In the grand scheme of things, contemporary emergency management is still a relatively new discipline, having only recently evolved from the civil defense era within the last 40 years or so. Many of those working within emergency management began their careers in civil defense agencies, and some of those agencies carry the civil defense moniker even today.
The tragic events of 9/11 and recent high-profile natural disasters have served to raise the profile of emergency management, and federal grant dollars and doctrine have further helped to define and shape the discipline. Today, emergency management professional certifications and academic degrees are becoming commonplace, and emergency managers are taking on new and expanded roles as the threat profile continues to evolve.
The maturation of the emergency management discipline also includes more focus on pre-disaster mitigation planning and community resilience. As such, emergency managers are not just coordinating their activities with local, state and federal public safety officials but with community planners, developers, engineers, architects and economic development experts as well.
Despite the increasing responsibilities, not all localities have a full-time emergency manager. Even in the case of full-time emergency management agencies, they are often only staffed by one or two full-time employees and rely heavily on volunteers to meet their (growing) mission.

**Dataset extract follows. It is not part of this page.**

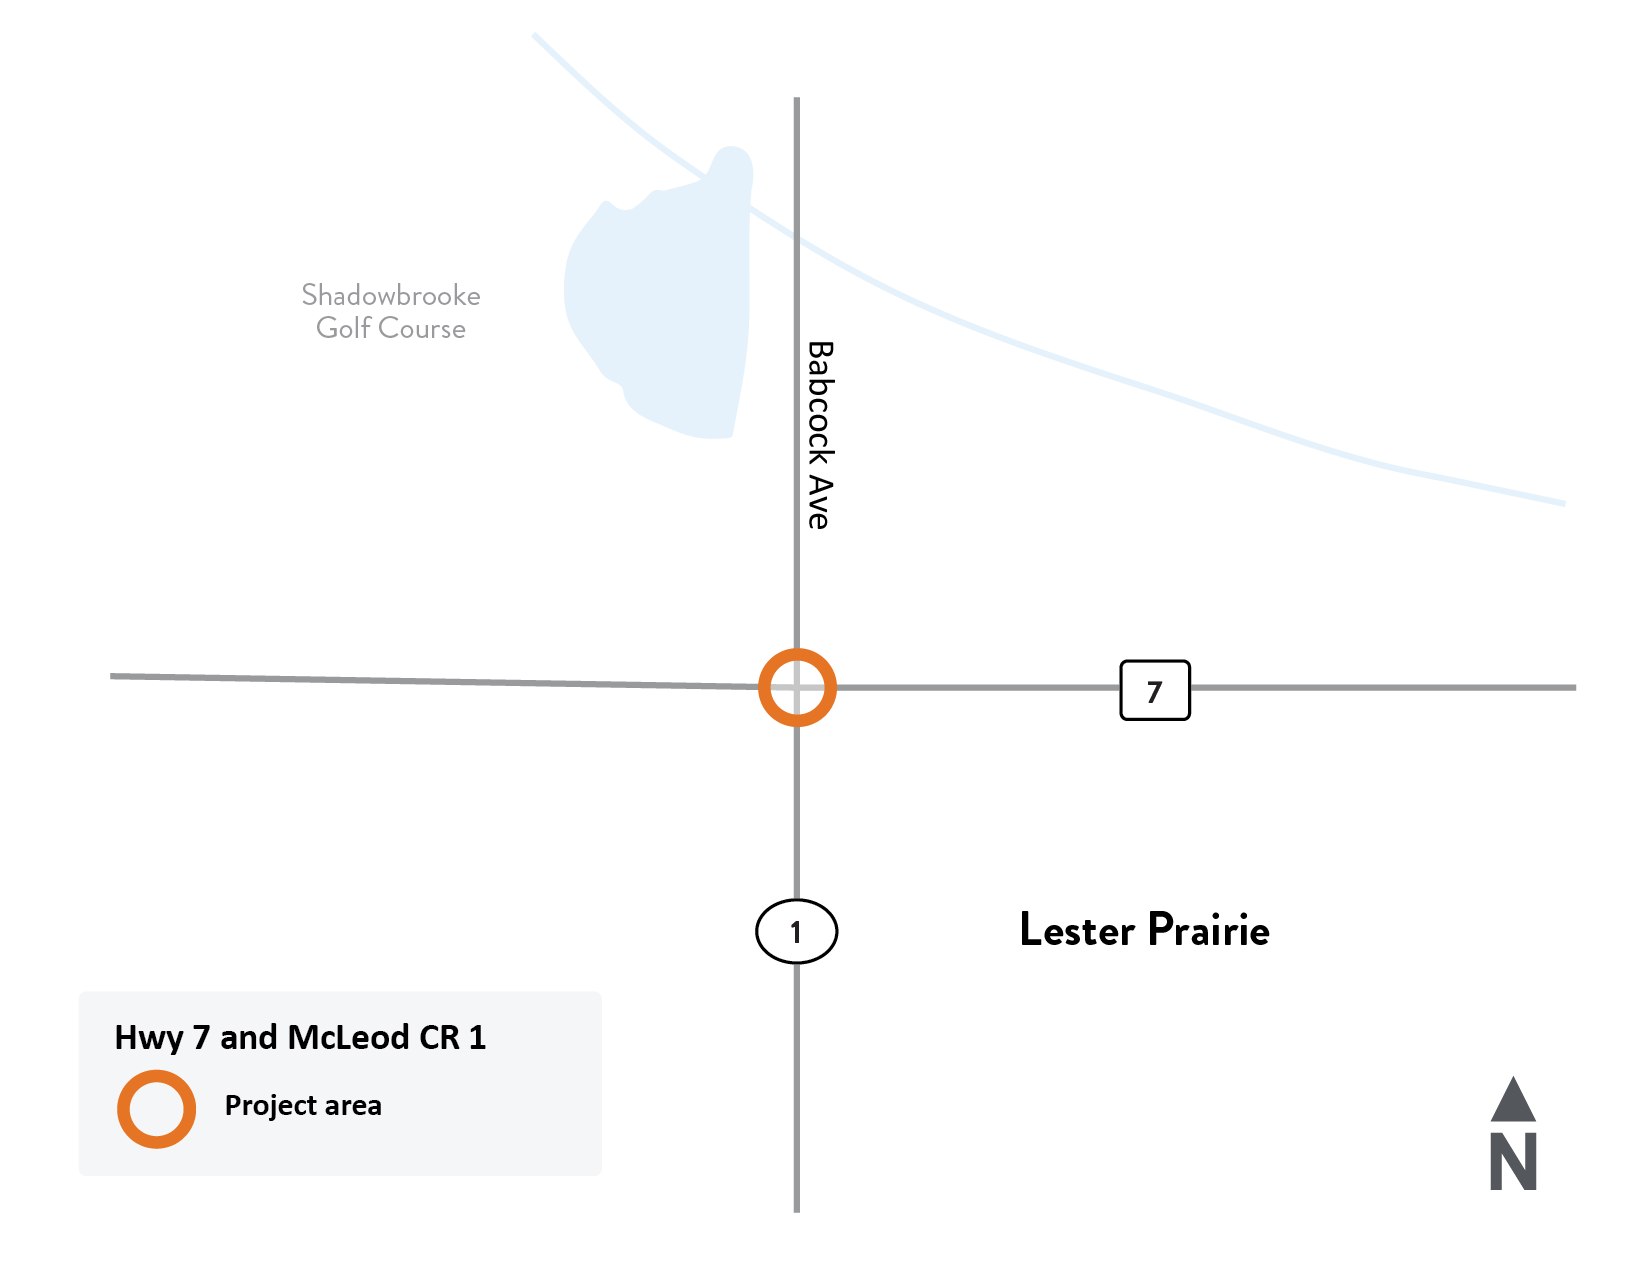 Map of intersection of Hwy 7 and CR 1 near Lester Prairie

Yet every jurisdiction has some degree of risk and the same responsibility to be prepared, and the mandates associated with the grant funds are placing the same requirements on the grant recipients regardless of the size of their jurisdiction.
But beyond the grant funding and bureaucratic necessities, emergency managers must ensure their jurisdictions are prepared to respond to the myriad threats and hazards facing their communities. Emergency management is often most visible during a crisis, but it is the behind-the-scenes planning and preparation that can make the difference when disasters strike.
Emergency management is not a part-time job and should not be treated as such. Local governments need to make emergency management a priority and ensure emergency managers have the resources and executive support necessary to do their jobs. It may be unrealistic to expect all local governments to have full-time emergency managers, but larger jurisdictions (counties, cities) certainly need to, or they must be willing to live with the consequences of a part-time investment in a full-time job.
Finally, when it comes to making that investment, local jurisdictions need to be willing to pay emergency managers what they are worth. It is hard to recruit, train, develop and leverage great and professional emergency managers when the pay scales are often closer to bank tellers than to bank managers. No one goes into emergency management to become wealthy; many do it in an almost volunteer capacity. That said, if jurisdictions want strong capabilities to be developed (and to not lose their existing professionals to private-sector business continuity and risk-management positions) they need to re-evaluate their current pay scales and offer these professionals the compensation they deserve. The return on this investment is an increase in preparedness that will pay dividends when an untoward incident occurs, and proactive emergency managers can help their jurisdictions mitigate or even prevent a disaster. Now that’s money well spent.
Terry Hastings is a senior policy adviser for the New York State Division of Homeland Security and Emergency Services (DHSES) and former deputy director of the DHSES Office of Emergency Management.